The NumPy package is not included with Python, and therefore we have to install it before we can import the "numpy" module. The easiest way to install NumPy is to use **pip** - the official **P**ackage **I**nstaller for **P**ython. In order to install the NumPy package using pip, we can run the following command in the terminal:

`pip install numpy`

However, since we are using a Jupyter notebook, we can also install NumPy by running the command in the cell below (which will run the above command in the terminal for us):

In [1]:
!pip install numpy

Collecting numpy
  Using cached numpy-1.23.2-cp39-cp39-manylinux_2_17_x86_64.manylinux2014_x86_64.whl (17.1 MB)
Installing collected packages: numpy
Successfully installed numpy-1.23.2


Once we have installed the NumPy package, we can import the "numpy" module by running the following code:

In [2]:
import numpy as np

The line above imports the "numpy" module and assigns it to the variable `np` - this is a commonly used abbreviation for the "numpy" module.

# 3. NumPy arrays  <a id='numpy-arrays'></a>

As mentioned previously, a NumPy array is an object that can hold a collection of items, similarly to a `list`. There are many ways we create a NumPy array. For example, we can call the `array()` function and pass in a list of items as an argument:

In [71]:
x = np.array([1, 2, 3, 4])
x

array([1, 2, 3, 4])

We can use the `type()` function to see that `x` is indeed an array:

In [72]:
type(x)

numpy.ndarray

We can see that the `type(x)` function returns `numpy.ndarray`, indicating that this object is an `ndarray` from the "numpy" module. The name `ndarray` stands for N-dimensional array - this is because NumPy arrays can have multiple dimensions (N dimensions). We can check how many dimensions an array has by accessing its `ndim` attribute. 

**Note:** A variable that belongs to an object is called an attribute. Attributes can be accessed by writing the `.` symbol followed by the name of the attribute.

In [65]:
x.ndim

1

As we can see above, the `x` array has one dimension. If we want to create an array with two dimensions, we can do so by nesting lists within a list, and then passing the top-level list to the `array()` function:

In [78]:
y = [[1, 2, 3], [4, 5, 6]]
y = np.array(y)
y

array([[1, 2, 3],
       [4, 5, 6]])

In [79]:
y.ndim

2

As we can see above, the `y` array has two dimensions. A two-dimensional array can be thought of as a table or a matrix composed of rows and columns. In this case, the `y` array has two rows and three columns.

![matrix-diagram.png](attachment:matrix-diagram.png)

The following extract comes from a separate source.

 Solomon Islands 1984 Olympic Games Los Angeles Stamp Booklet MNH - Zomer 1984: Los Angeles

 In a more general sense, this is referred to as the shape of an array. The shape of an array can be checked via the `shape` attribute.

In [81]:
y.shape

(2, 3)

The shape of an array is represented as a `tuple`. A `tuple` is similar to a `list`, as it also holds a collection of items - the beginning and end of a `tuple` is signified by round bracktes `()`. The main difference between a `tuple` and a `list` is that a `tuple` cannot be changed, whereas a list can have items added, changed or removed. You can think of a `tuple` as a frozen `list` that does not change.

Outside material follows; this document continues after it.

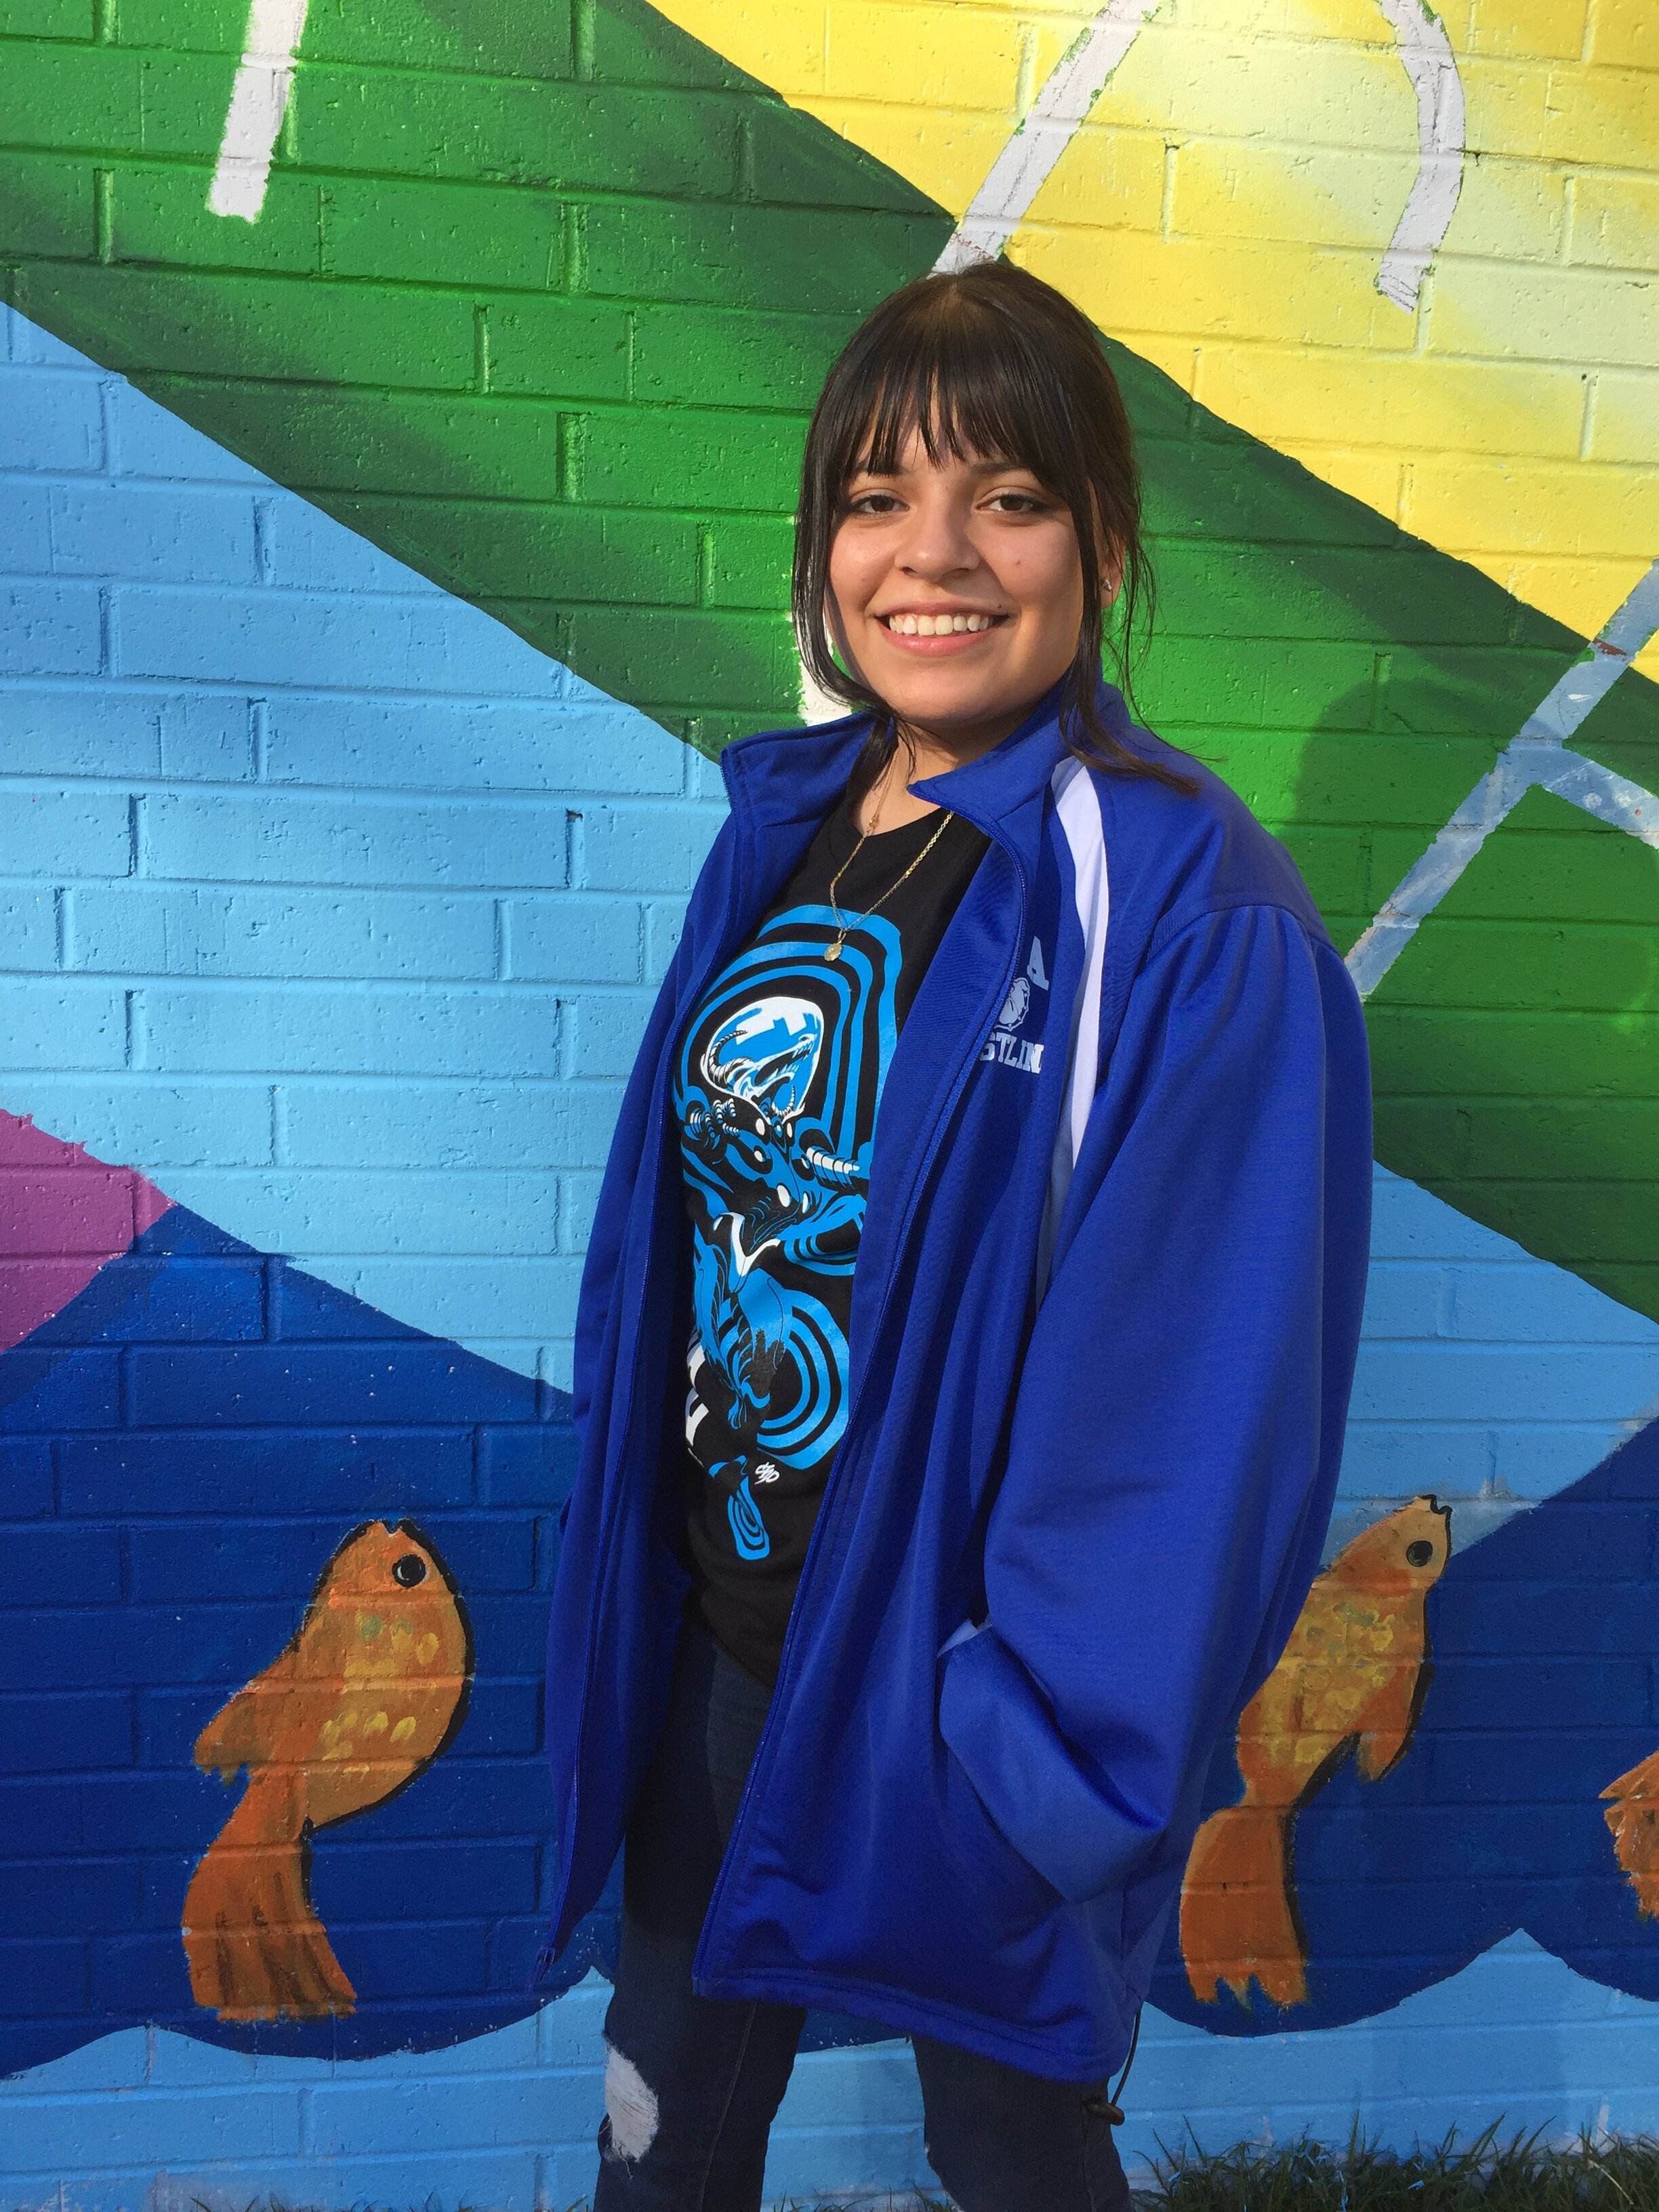  Youth capacity building was achieved on this project as Cornelio recruited local high school artist Estephanie Sanchez to serve as an artist mentee. Estephanie has been central to the team and has gained valuable public art experience.  Photo courte

The `shape` attribute returns a `tuple` containing the size of each dimension. The size of a dimension refers to the number of items in that dimension. In the case of the `y` array, the first dimension contains two items (both of which are arrays), which is why the first item in the `shape` tuple is `2`. Each of those arrays contains 3 items (all of which are integers), which is why the second item in the `shape` tuple is `3`. 

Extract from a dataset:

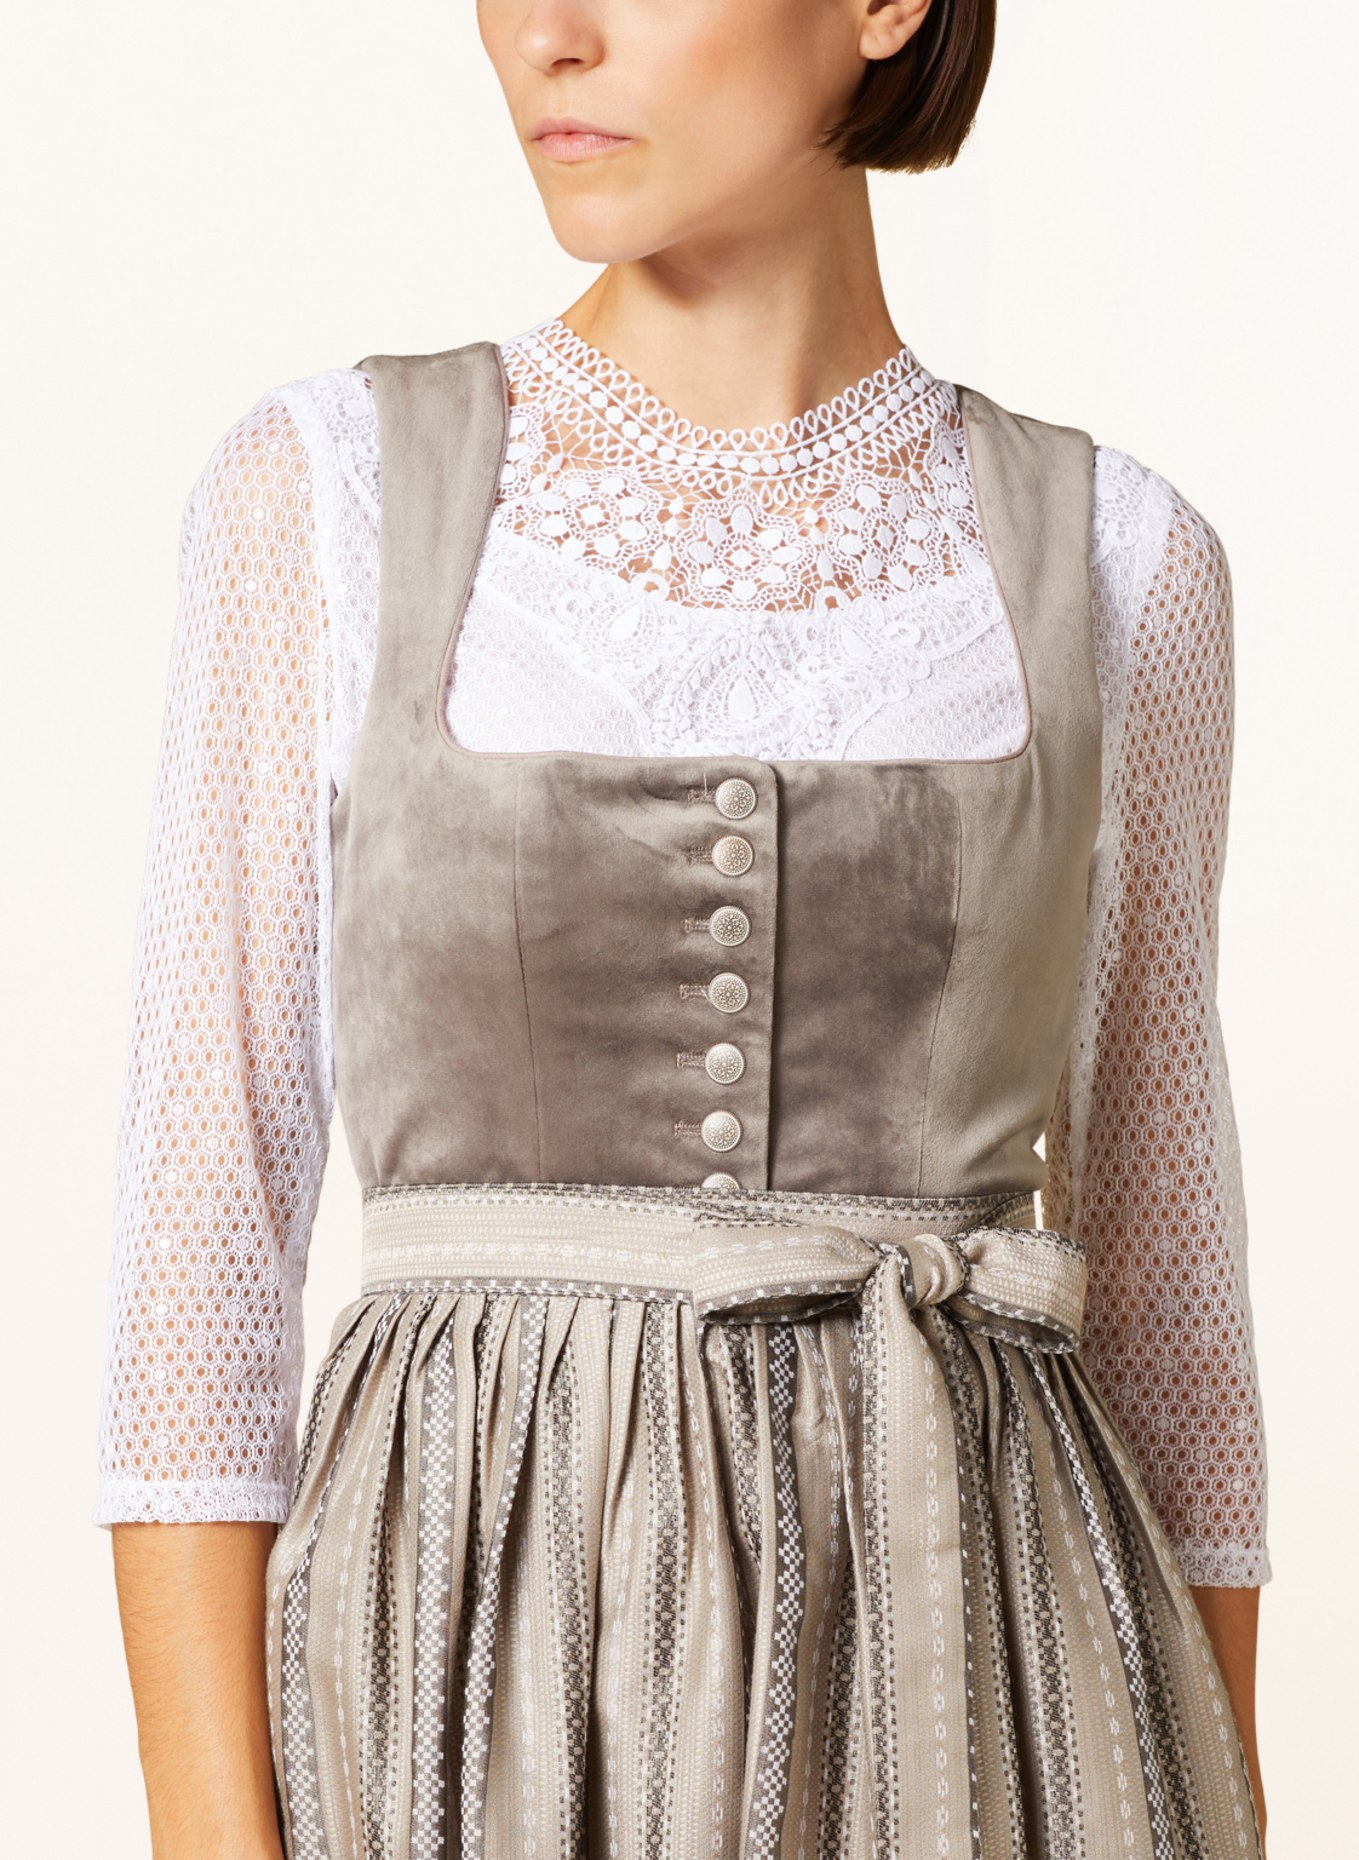 WALDORFF Dirndl blouse made of crochet lace, Color: WHITE (Image 3)

Wrapping your head around multi-dimensional arrays can take a bit of practice. Below are some more examples of two-dimensional arrays. Try figuring out the shape of the array by looking at the data, before running the code that will print out the shape.

In [51]:
data = [
    [1, 2, 3],
    [4, 5, 6],
    [7, 8, 9],
    [10, 11, 12]
]

arr = np.array(data)

**Note:** when writing nested lists, it can be a good idea to spread them out across multiple lines, in order to improve the readability of the code.

In [52]:
arr.shape

(4, 3)

In [4]:
data = [
    [1, 2],
    [3, 4],
    [5, 6],
]

arr = np.array(data)

In [5]:
arr.shape

(3, 2)

In [6]:
data = [
    [1, 2, 3, 4, 5]
]

arr = np.array(data)

In [7]:
arr.shape

(1, 5)

Arrays can also have three or more dimensions. A three dimensional array can be thought of as a collection of tables or matrices. Alternatively, it can be visualized as a three-dimensional cube filled with numbers. The illustration below contains visual representations of multi-dimensional arrays:

![tensor-diargram.png](attachment:tensor-diargram.png)

An array can also have zero dimensions. For example, if we pass in a single integer into the `array()` function, we will create a zero-dimensional `ndarray`.

In [11]:
arr = np.array(3)
print(arr.ndim)
print(arr.shape)

0
()


To summarize, the code cell below creates arrays with 0, 1, 2 and 3 dimensions:

In [28]:
a = np.array(1)
b = np.array([1, 2, 3])
c = np.array([[1, 2], [1, 2]])
d = np.array([[[1, 2], [1, 2]], [[1, 2], [1, 2]]])

print(a.ndim, a.shape)
print(b.ndim, b.shape)
print(c.ndim, c.shape)
print(d.ndim, d.shape)

0 ()
1 (3,)
2 (2, 2)
3 (2, 2, 2)


**Note:** In the code cell above, we pass in multiple arguments into the `print()` function. The `print()` function can take in an arbitrary number of arguments and it will print them out on the same line, separating them by a single white space `" "`.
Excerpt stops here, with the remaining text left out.